Nationwide, half of our electricity is generated with coal – most of it in power plants whose pollution is 95% below 1970 levels. That’s a far cry from the 1% generated with wind and solar power.
Raise the rates – and manufacturers, businesses, communities and families will be battered. Destroy our wealth-generating capability, and there will be little left to redistribute or invest in renewable energy.
Restrict hydrocarbon energy use in minority areas, and black, Hispanic and Native American families will see their economic opportunities and civil rights rolled back. People will die, if they cannot afford proper heating, air-conditioning, nutrition and medical care.
A cap-and-trade bill like Warner-Lieberman would cost 3 million U.S. manufacturing jobs and $7 trillion in lost GDP, as the bills slap increasingly heavy taxes on hydrocarbon energy, the Heritage Center for Data Analysis calculates. The EPA regulatory regime would be even more onerous and costly.
Either action would drain the lifeblood from our economy, wasting the trillion-dollar “blood infusion,” and turn the recession into a depression. And for what?
President-Elect Obama, Al Gore, James Hansen and others say “the science is settled,” and we are hurtling toward climate disaster. But thousands of scientists vigorously disagree. An updated U.S. Senate Minority Report features 650 climate experts (including many current and former UN-IPCC scientists) who say there is no evidence to support the climate cataclysm hypothesis.
Computer models and worst-case scenarios are not evidence – and not one of them has accurately predicted temperatures, storms or droughts even one year into the future, much less 10, 50 or 100. Actual, measured temperature, hurricane frequency and intensity, floods, droughts and sea level changes are completely within the realm of observed variability over the centuries. Indeed, according to satellite measurements, planetary warming stopped in 1998, even as global CO2 levels continue to rise.
Nor is there any evidence that the proposed bloodletting would stabilize our Earth’s constantly changing climate – or do anything except cause the quack physicians’ American economic patient to die.
China and India are building new coal-fired power plants every week – and their expanding greenhouse gas emissions now dwarf even the economy-killing cuts that Obama, EPA and congressional Democrats are proposing. Europe’s emissions are well above 1990 levels and even further above their promised reductions under Kyoto. Yet not one EU nation is prepared to impose new cap-and-trade or CO2 cuts that would jeopardize jobs, especially during this recession.

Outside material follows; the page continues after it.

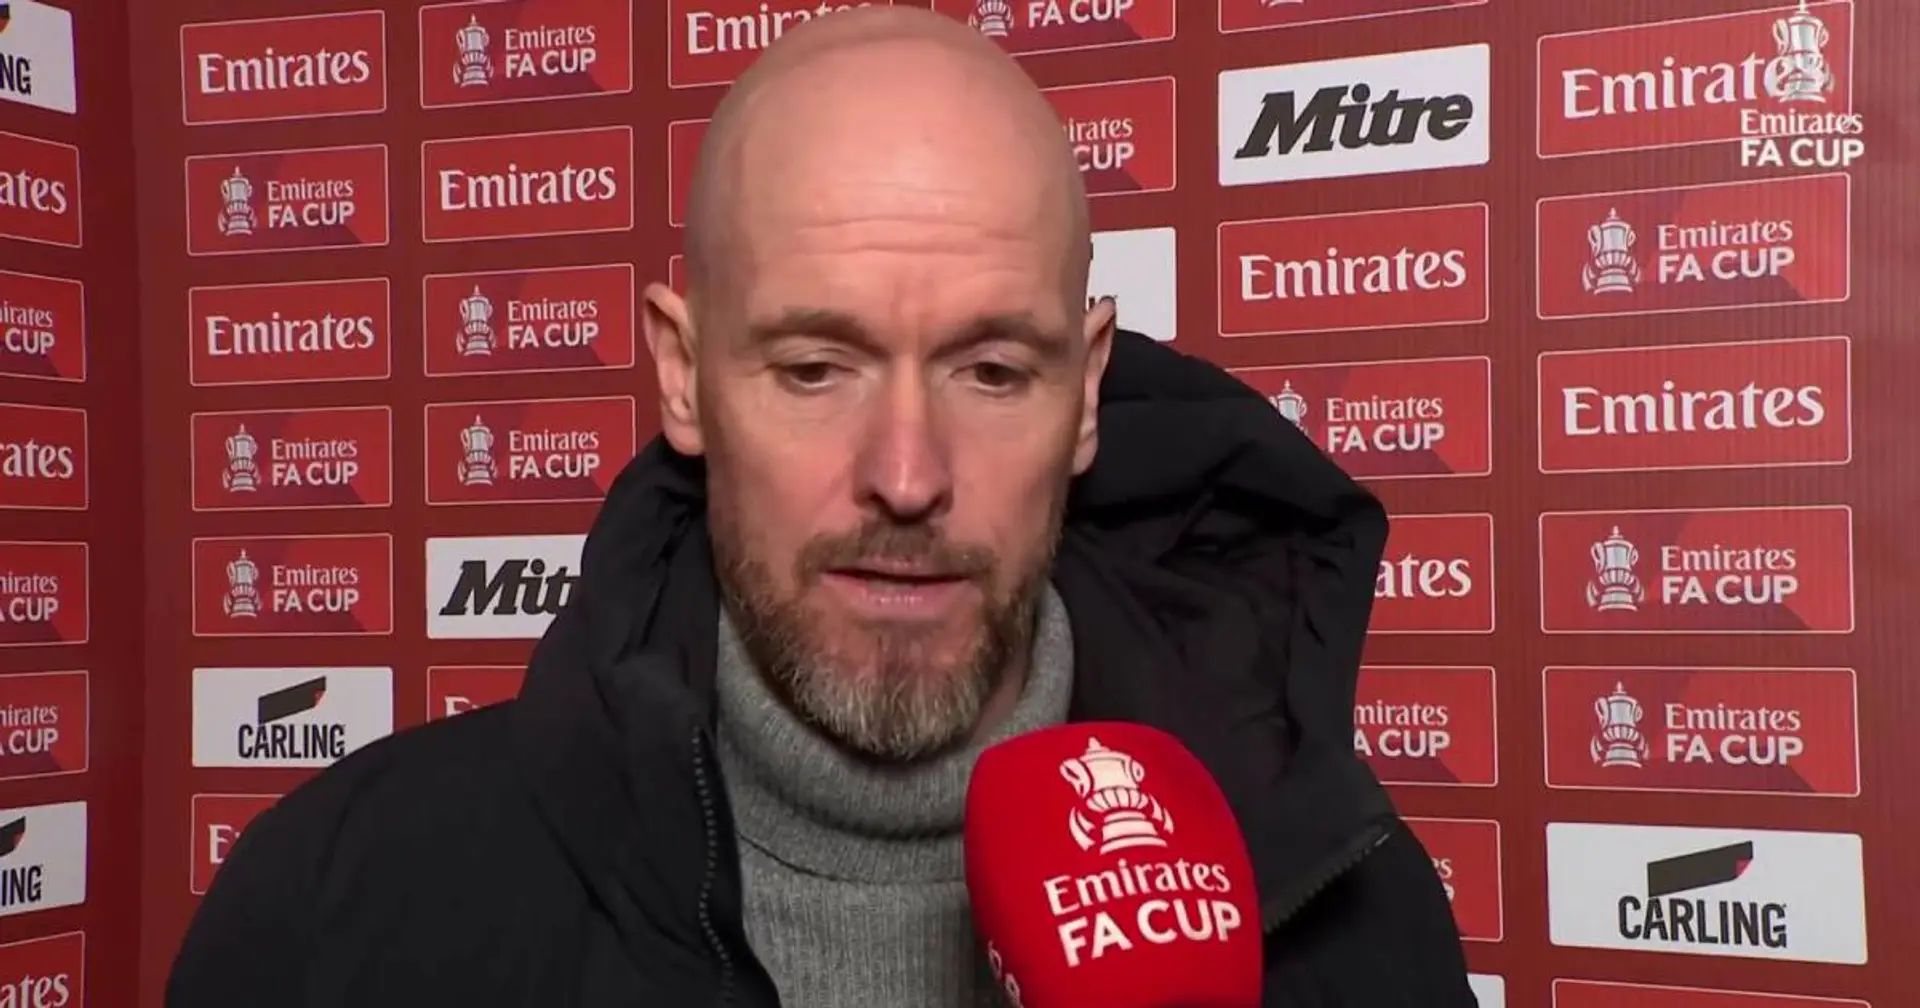 'Newport are 16th in League Two': Man United fans livid with Erik ten Hag's post-match comments

The President and members of Congress are sworn to serve the best interests of the United States. They violate their oath of office when they try to impose destructive policies that advance the agendas of professional activists who remain fixated on climate disaster scenarios, despite real-world evidence to the contrary – and regardless of the widespread harm their agendas would cause, especially for poor, elderly, minority and working-class families.
It’s time for Americans everywhere to demand solid evidence, robust debate, honest congressional hearings, and responsible energy and economic decisions. We need to prevent further bloodletting, end the recession, and preserve our nation’s freedom, opportunity and prosperity.